Le 3 août, le GSIM a attaqué le village de Youba et tué 14 civils, dont une femme et quatre enfants, dont deux sont morts après que des combattants ont mis le feu à une boutique dans laquelle ils s’étaient cachés. D’après les habitants, l’attaque visait à punir la communauté parce qu’elle n’avait pas respecté les ordres du GSIM de ne pas cultiver de cultures hautes qui, selon les combattants, gênaient leurs opérations.
Dans une réponse du 15 août aux questions de Human Rights Watch, le Comité chariatique du GSIM au Burkina Faso a écrit que le GSIM « n’a jamais, et ne saurait jamais, viser intentionnellement des civils. Si certains prétendent que des exactions auraient été commises à Djibo, à Youba ou dans toute autre localité, il ne saurait s’agir que d’allégations dénuées de fondement, ou, tout au plus, d’incidents fortuits dus à des projectiles perdus, dont nous n’avons pas eu connaissance. »
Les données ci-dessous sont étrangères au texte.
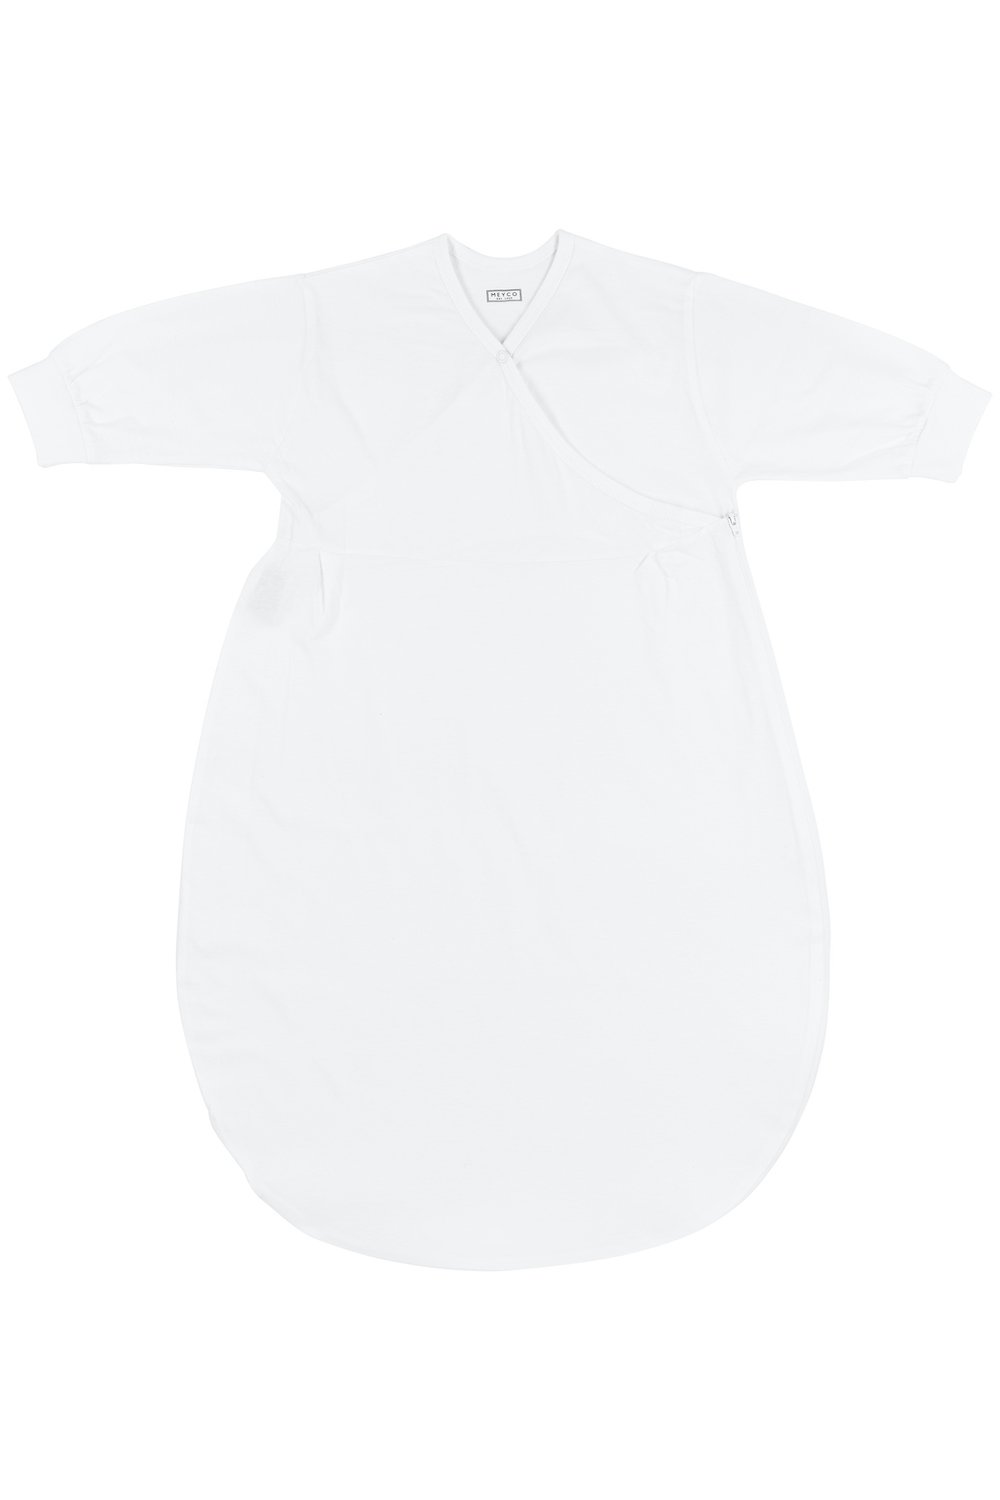 Inner sleeping bag Uni - white - 68/74
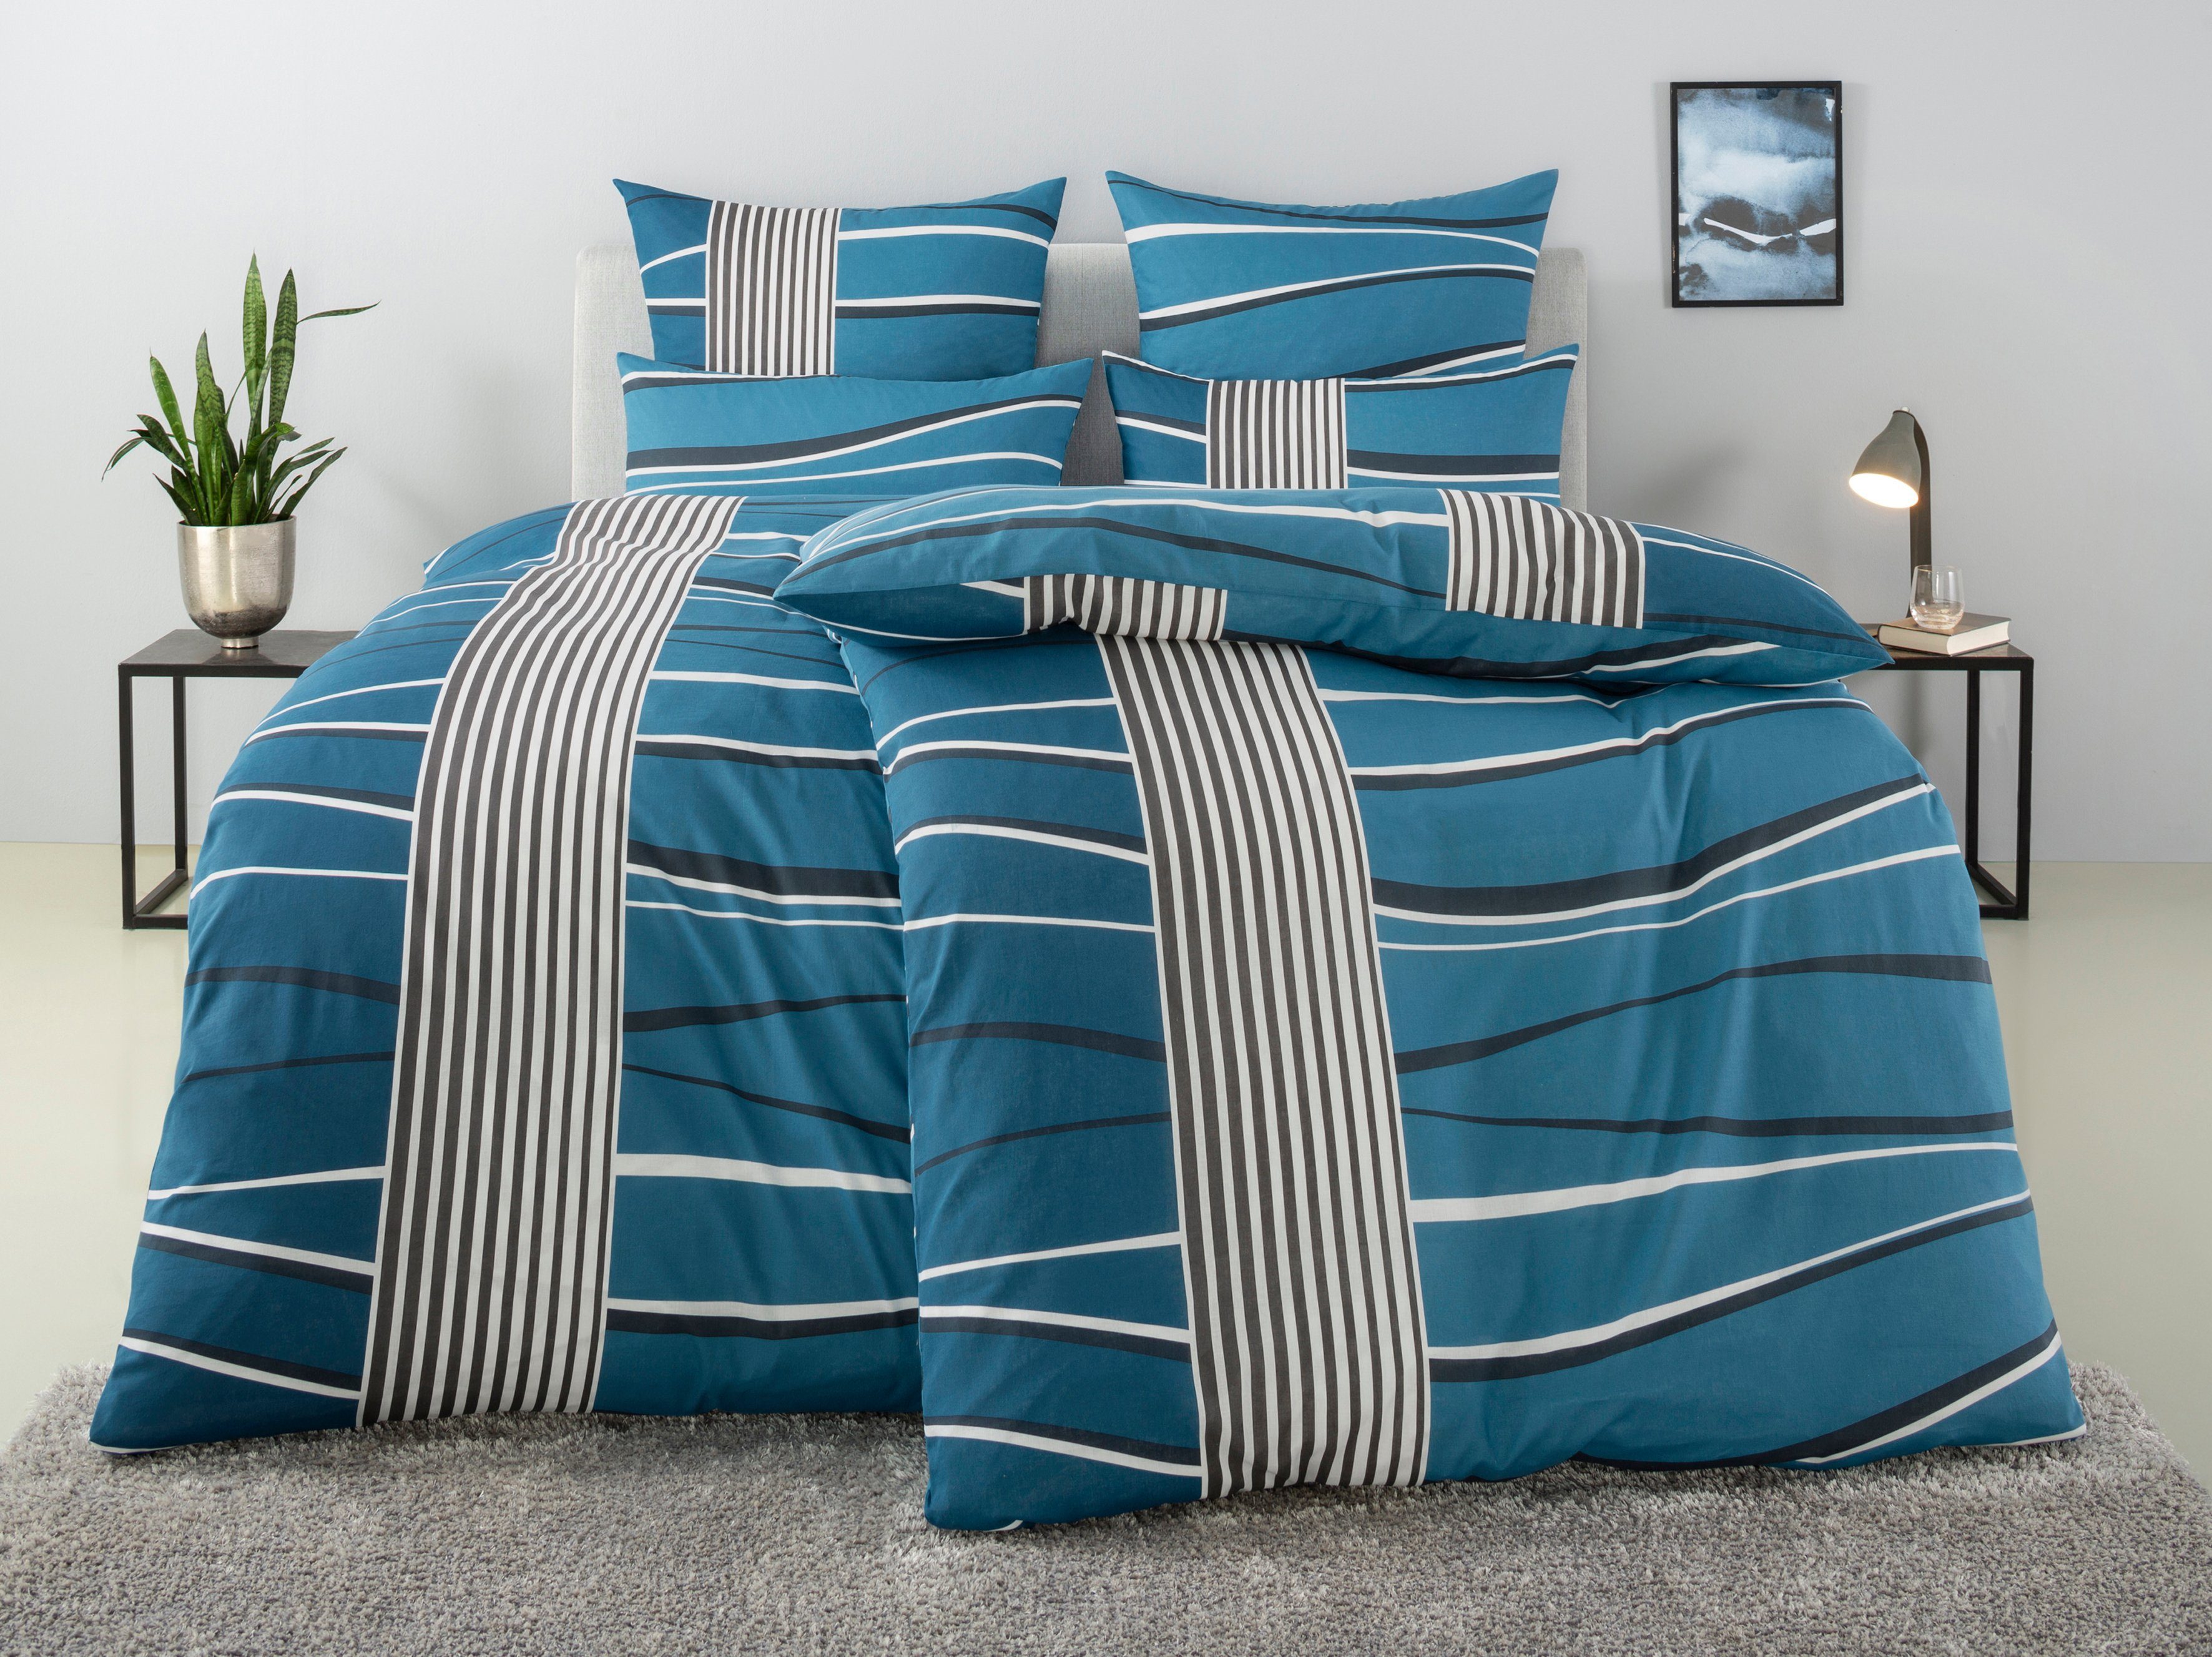 Bettwäsche Renu in Gr. 135x200 oder 155x220 cm, my home, Linon, 2 teilig, Bettwäsche aus Baumwolle, grafische Bettwäsche mit Wellen-Design blau | Bettwäsche-Sets

Le 21 août, Human Rights Watch a adressé un courrier aux ministres de la Justice et de la Défense du Burkina Faso pour leur communiquer les conclusions de ses recherches et des questions, mais n’a reçu aucune réponse.
En juillet, l’EIS a attaqué un convoi civil escorté par des soldats et des milices burkinabè. Le convoi transportait des civils ainsi que de la nourriture et d’autres fournitures humanitaires destinées à la ville assiégée de Gorom Gorom. Des témoins et d’autres sources ont confirmé que le convoi ne transportait pas d’armes ou de matériel militaire.
« Je me souviens de la peur ressentie ce jour-là », a raconté un survivant âgé de 52 ans. « J’ai entendu de nombreux coups de feu et des cris. J’ai sauté du camion, je me suis accroupi les mains sur la tête et j’ai attendu mon sort. »
Toutes les parties au conflit armé au Burkina Faso sont soumises au droit international humanitaire, notamment à l’article 3 commun aux Conventions de Genève de 1949 et au droit de la guerre coutumier. Le droit de la guerre interdit les exécutions sommaires, les attaques contre des civils et des biens à caractère civil, ainsi que le pillage, entre autres violations.